The second line contains a string $s$ of length exactly $n$, consisting only of characters ‘0’ and/or ‘1’.

Output

For each testcase, print “YES” if it’s possible to make the number of zeroes in $s$ strictly greater than the number of ones, using any number of operations (possibly, none). Otherwise, print “NO”.

Example

input
3
2
00
2
11
2
10
output
YES
NO
YES

Note

In the first testcase, the number of zeroes is already greater than the number of ones.

In the second testcase, it’s impossible to insert any zeroes in the string.

In the third testcase, you can choose $i=1$ to insert a zero between the $1$-st and the $2$-nd characters.
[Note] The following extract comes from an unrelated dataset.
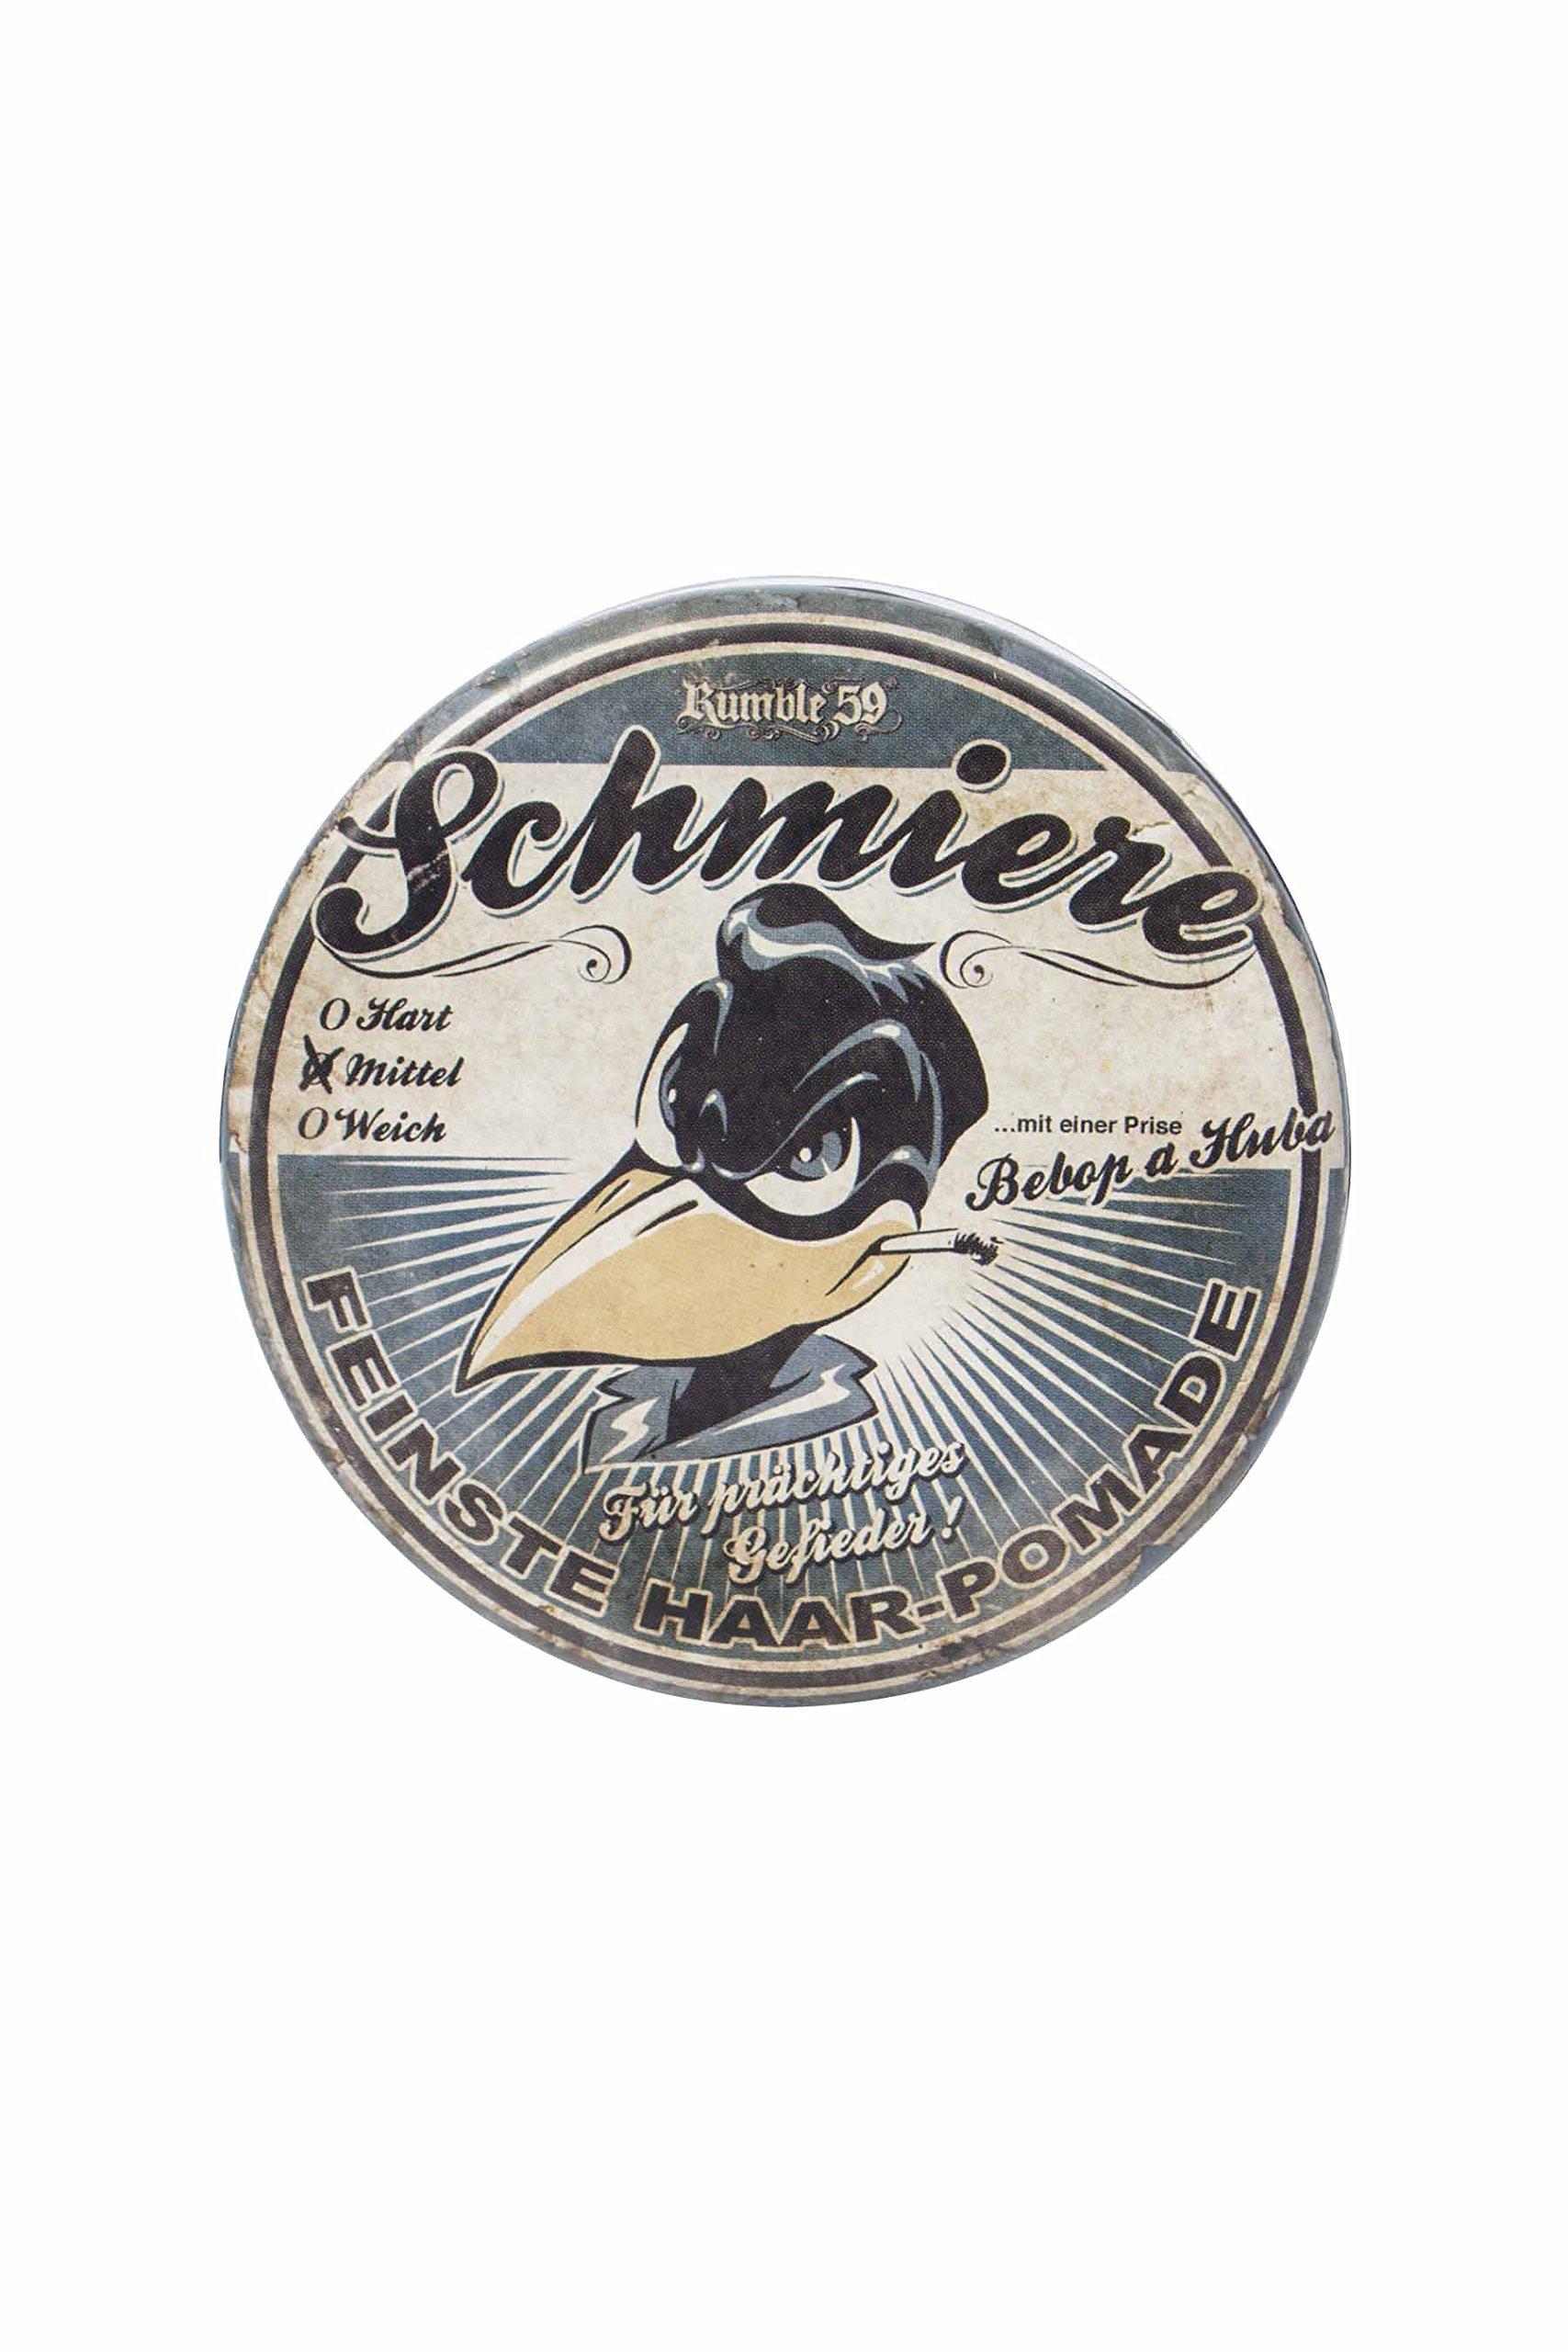 Schmiere special edition gambling medium slotomania casino

Since $s_1\ne s_2$, you insert a ‘0’. The resulting string is “100”. It has two zeroes and only a single one, so the answer is “YES”.

Solution

具体见文后视频。

---

Code

#include <iostream>
#define int long long
 
using namespace std;
 
typedef pair<int, int> PII;
 
void solve()
{
	int N;
	string S;
 
	cin >> N >> S;
 
	S = ' ' + S;
	int Count = 0;
	for (int i = 1; i <= N; i ++)
	{
		Count += (S[i] == '0');
		if (i < N && S[i] != S[i + 1])
		{
			cout << "YES" << endl;
			return;
		}
	}
 
	if (Count > (N - Count)) cout << "YES" << endl;
	else cout << "NO" << endl;
}
 
signed main()
{
	cin.tie(0);
	cout.tie(0);
	ios::sync_with_stdio(0);
 
	int Data;
 
	cin >> Data;
 
	while (Data --)
		solve();
 
	return 0;
}

B. Getting Points

Description

Monocarp is a student at Berland State University. Due to recent changes in the Berland education system, Monocarp has to study only one subject — programming.

The academic term consists of $n$ days, and in order not to get expelled, Monocarp has to earn at least $P$ points during those $n$ days. There are two ways to earn points — completing practical tasks and attending lessons. For each practical task Monocarp fulfills, he earns $t$ points, and for each lesson he attends, he earns $l$ points.

Practical tasks are unlocked “each week” as the term goes on: the first task is unlocked on day $1$ (and can be completed on any day from $1$ to $n$), the second task is unlocked on day $8$ (and can be completed on any day from $8$ to $n$), the third task is unlocked on day $15$, and so on.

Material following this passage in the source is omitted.